Why is BAH Fraud and OHA Fraud so Prevalent?
BAH housing allowance rates are set by location, pay grade and ones dependency claims. For example, an E-9 claiming his or her family resides in San Francisco, CA is entitled to $3,618 per month (a whopping $43,416 per year) which doesn’t have to legally go to “housing”, but if the family actually lives off-base nearby to Fort McClellan is Anniston, AL, the real BAH housing allowance the servicemember is legally-entitled is only $1,170 per month according to the Military’s 2014 BAH rates. That solider could be charged with Larceny by defrauding the US Taxpayers of $2,246 each and every month or a annual fraudulent theft of nearly $30,000 of personal enrichment. Many servicemembers use a friend or relatives address in a higher paying state to work the system to their unlawful benefit.
Examples of Basic Allowance for Housing (BAH)/Overseas Housing Allowance (OHA) and Travel Voucher Fraud
BAH, OHA, and Travel Voucher fraud prosecutions uncover recurring, similar patterns, such as, but certainly not limited to:
- Bogus rental agreements
- False home of record information
- Family living in low-cost area – but claiming high-cost address
- Fake marriages / Falsified marriage documents
- Divorces never reported to base finance office and/or DFAS
- False claim of having dependents
- Claiming elevated numbers of dependents
- False travel claims
- Inflated number of trips
- Mileages inflated / Trip distances exaggerated
- False requests for reimbursement
OHA Example – Claiming a spouse w/dependents at overseas posting
Here’s an illustrative example — contrived, but all-too-possible:
A US servicemember falsifies his residence location and arranged a sham marriage to purposefully defraud the government of BAH entitlements. Many real OHA frauds involve marrying foreign nationals while on deployment and working every-possible angle for maximum enrichment. By marrying a U.S. servicemember, the foreign national will then qualify to apply for U.S. citizenship and receive a military dependent identification card. A servicemember who claims that their foreign spouse lives in a higher cost foreign country (or the U.S.) qualifies for a higher amount of housing allowance.

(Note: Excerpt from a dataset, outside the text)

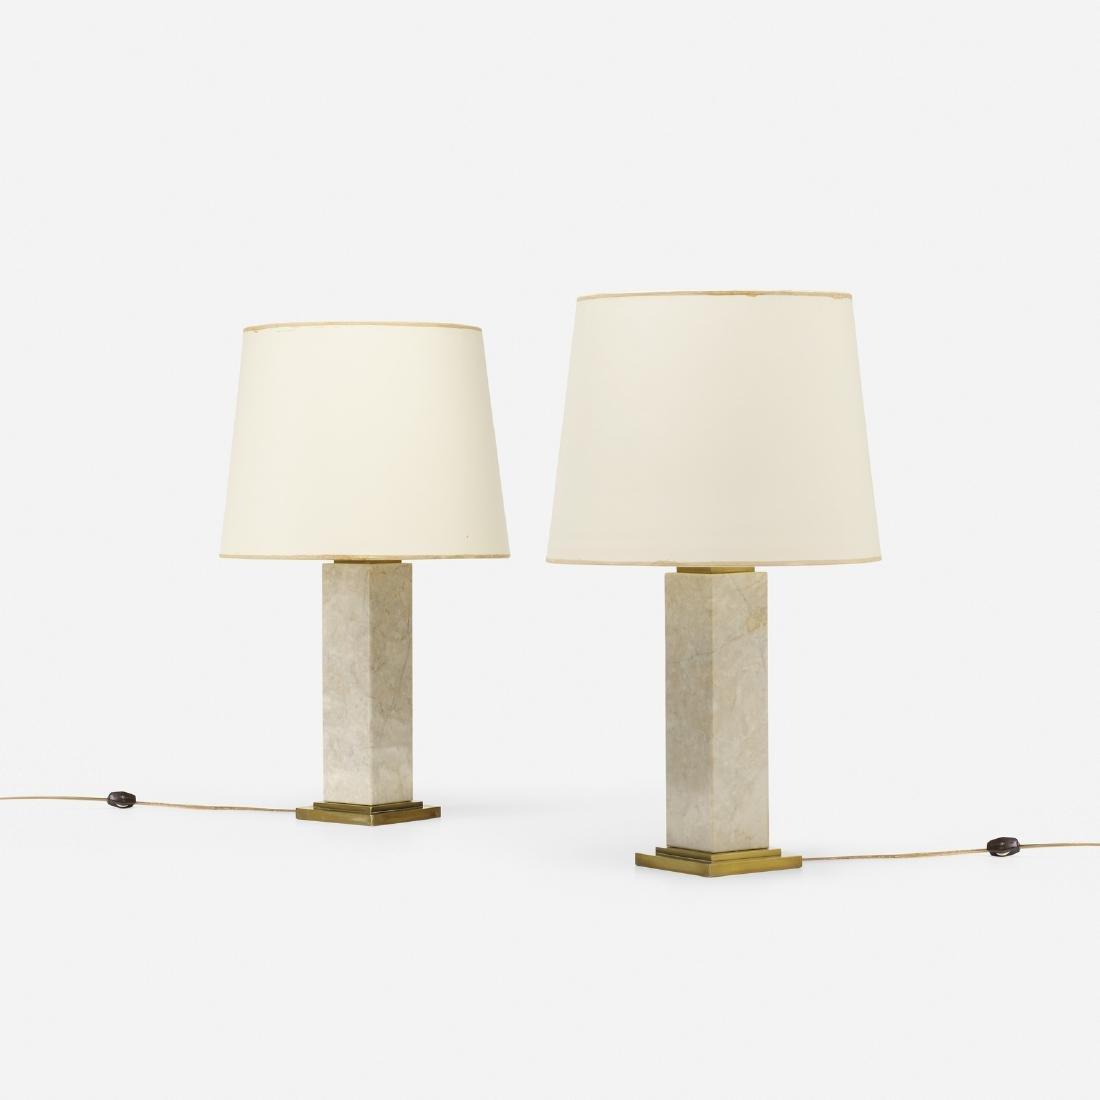 T.H. Robsjohn-Gibbings, table lamps model no. 303, pair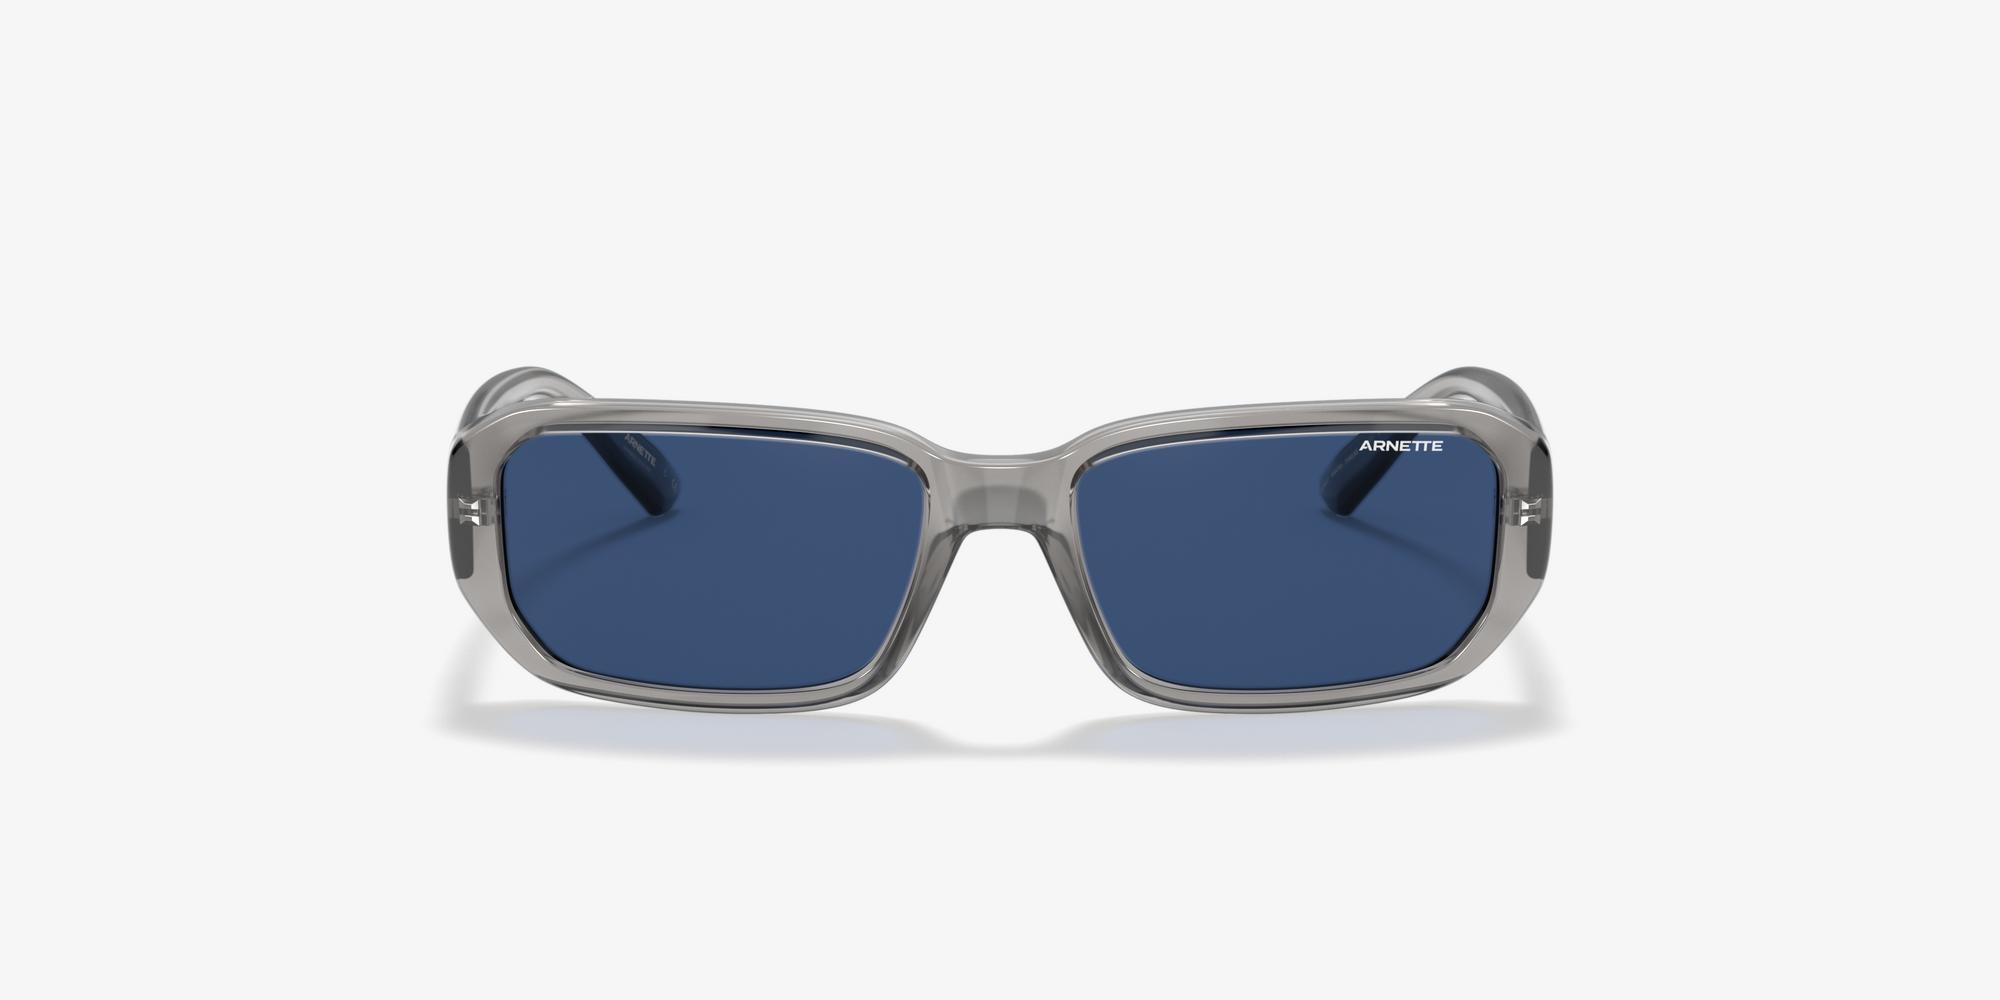 ARNETTE AN4265 265587 Transparent Yellow Grey 55 mm Men/'s Sunglasses

In the Philippines, an E-7 claiming dependents can get $2,877 per month in OHA payments plus $879 for Utility and Maintenance Allowance according to the Overseas OHA calculator totaling $3,756 ($45,000 per year) from U.S. Taxpayers. According to international income statistics, consider that the average annual salary for workers in the Philippines is a meager $4,000 per year. An armed forces member, with a sham family claiming local housing arrangements, could easily pocket a significant windfall through Larcenous actions.
Measurable upswing in BAH Fraud and OHA Fraud in recent years
Statistics indicate that there has been a substantial increase in BAH fraud and OHA fraud cases. The majority of these recorded cases involve amounts stolen ranging from $15,000 to $60,000. The armed forces offenders are equally represented from both enlisted and officer ranks.
BAH Fraud and OHA Fraud are prosecuted under False Official Statements and Larceny statues.
In order to be convicted, the government must prove that the servicemember completed the necessary allowance claim forms with the “intent to deceive.” In short, it is not sufficient for the government to simply show that the servicemember completed the form(s) incorrectly, but that the servicemember filled out evidentiary documents with the intent to deceive.
Moreover, to be found guilty of the crime of Larceny, the government must prove that the servicemember received money that he or she knew they were not entitled to receive yet consciously chose to keep that money with the intent of never returning it.